-- What to work on --
Using the data beneath this instruction, retype only the lines from the one that contains "钟俊《一帘幽梦》20 x 30 cm 布面油画 2020" down to the one that contains "Volkswagen Care Plans", both included, exactly as they appear.

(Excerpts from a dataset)
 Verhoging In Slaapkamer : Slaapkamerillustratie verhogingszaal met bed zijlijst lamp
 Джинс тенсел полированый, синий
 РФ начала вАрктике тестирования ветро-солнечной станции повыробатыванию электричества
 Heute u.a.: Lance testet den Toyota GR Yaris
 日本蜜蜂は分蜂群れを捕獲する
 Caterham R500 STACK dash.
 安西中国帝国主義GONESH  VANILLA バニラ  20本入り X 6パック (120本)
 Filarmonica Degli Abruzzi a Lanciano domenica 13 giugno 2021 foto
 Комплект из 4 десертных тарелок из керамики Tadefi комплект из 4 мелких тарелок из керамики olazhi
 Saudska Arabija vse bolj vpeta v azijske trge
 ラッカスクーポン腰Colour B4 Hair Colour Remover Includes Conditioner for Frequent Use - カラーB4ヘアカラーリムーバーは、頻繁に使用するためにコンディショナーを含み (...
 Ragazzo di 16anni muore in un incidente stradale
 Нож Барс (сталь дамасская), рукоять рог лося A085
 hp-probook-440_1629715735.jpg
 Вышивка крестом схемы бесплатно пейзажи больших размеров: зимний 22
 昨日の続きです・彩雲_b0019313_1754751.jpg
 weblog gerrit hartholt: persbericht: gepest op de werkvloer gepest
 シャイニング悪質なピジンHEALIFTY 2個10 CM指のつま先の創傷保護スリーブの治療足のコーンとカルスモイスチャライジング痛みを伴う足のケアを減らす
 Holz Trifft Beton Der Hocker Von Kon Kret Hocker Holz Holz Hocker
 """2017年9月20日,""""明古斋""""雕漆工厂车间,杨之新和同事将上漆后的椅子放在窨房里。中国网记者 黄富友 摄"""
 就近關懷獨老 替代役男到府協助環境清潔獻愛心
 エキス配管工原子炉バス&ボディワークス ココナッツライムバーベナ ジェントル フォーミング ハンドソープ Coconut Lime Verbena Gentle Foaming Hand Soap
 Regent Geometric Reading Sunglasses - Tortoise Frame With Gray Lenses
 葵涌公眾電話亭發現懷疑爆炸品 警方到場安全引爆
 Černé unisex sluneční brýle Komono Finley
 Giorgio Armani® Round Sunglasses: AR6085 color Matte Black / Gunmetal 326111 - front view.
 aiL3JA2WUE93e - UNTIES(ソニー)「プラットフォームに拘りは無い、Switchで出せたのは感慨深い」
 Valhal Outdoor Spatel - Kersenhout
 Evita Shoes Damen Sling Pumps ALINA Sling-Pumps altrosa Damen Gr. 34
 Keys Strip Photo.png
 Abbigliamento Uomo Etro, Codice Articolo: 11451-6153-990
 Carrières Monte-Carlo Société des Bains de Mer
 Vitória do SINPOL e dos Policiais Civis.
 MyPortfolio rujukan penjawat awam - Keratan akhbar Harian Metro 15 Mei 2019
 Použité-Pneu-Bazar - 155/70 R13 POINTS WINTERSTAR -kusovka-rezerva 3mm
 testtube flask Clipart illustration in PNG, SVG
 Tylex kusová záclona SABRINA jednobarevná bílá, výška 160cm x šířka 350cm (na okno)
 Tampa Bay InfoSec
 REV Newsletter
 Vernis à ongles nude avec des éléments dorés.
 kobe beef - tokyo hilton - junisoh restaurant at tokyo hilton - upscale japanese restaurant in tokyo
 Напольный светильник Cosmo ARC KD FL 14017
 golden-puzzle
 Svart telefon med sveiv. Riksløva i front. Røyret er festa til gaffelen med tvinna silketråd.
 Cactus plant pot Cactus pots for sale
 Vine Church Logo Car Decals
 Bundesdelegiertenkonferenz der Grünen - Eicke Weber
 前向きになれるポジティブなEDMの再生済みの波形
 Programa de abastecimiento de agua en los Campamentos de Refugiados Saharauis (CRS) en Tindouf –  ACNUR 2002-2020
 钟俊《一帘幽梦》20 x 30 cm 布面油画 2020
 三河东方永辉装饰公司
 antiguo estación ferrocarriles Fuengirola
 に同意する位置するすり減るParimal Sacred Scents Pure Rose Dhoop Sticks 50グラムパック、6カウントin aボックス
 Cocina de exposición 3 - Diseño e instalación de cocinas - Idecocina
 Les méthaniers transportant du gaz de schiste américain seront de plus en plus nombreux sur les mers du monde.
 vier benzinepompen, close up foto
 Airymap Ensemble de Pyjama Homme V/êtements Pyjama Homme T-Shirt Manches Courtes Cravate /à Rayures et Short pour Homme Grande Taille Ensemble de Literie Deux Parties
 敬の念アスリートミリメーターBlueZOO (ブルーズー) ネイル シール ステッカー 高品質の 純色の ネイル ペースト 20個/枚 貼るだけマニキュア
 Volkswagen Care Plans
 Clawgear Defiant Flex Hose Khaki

-- Response to the task --
 钟俊《一帘幽梦》20 x 30 cm 布面油画 2020
 三河东方永辉装饰公司
 antiguo estación ferrocarriles Fuengirola
 に同意する位置するすり減るParimal Sacred Scents Pure Rose Dhoop Sticks 50グラムパック、6カウントin aボックス
 Cocina de exposición 3 - Diseño e instalación de cocinas - Idecocina
 Les méthaniers transportant du gaz de schiste américain seront de plus en plus nombreux sur les mers du monde.
 vier benzinepompen, close up foto
 Airymap Ensemble de Pyjama Homme V/êtements Pyjama Homme T-Shirt Manches Courtes Cravate /à Rayures et Short pour Homme Grande Taille Ensemble de Literie Deux Parties
 敬の念アスリートミリメーターBlueZOO (ブルーズー) ネイル シール ステッカー 高品質の 純色の ネイル ペースト 20個/枚 貼るだけマニキュア
 Volkswagen Care Plans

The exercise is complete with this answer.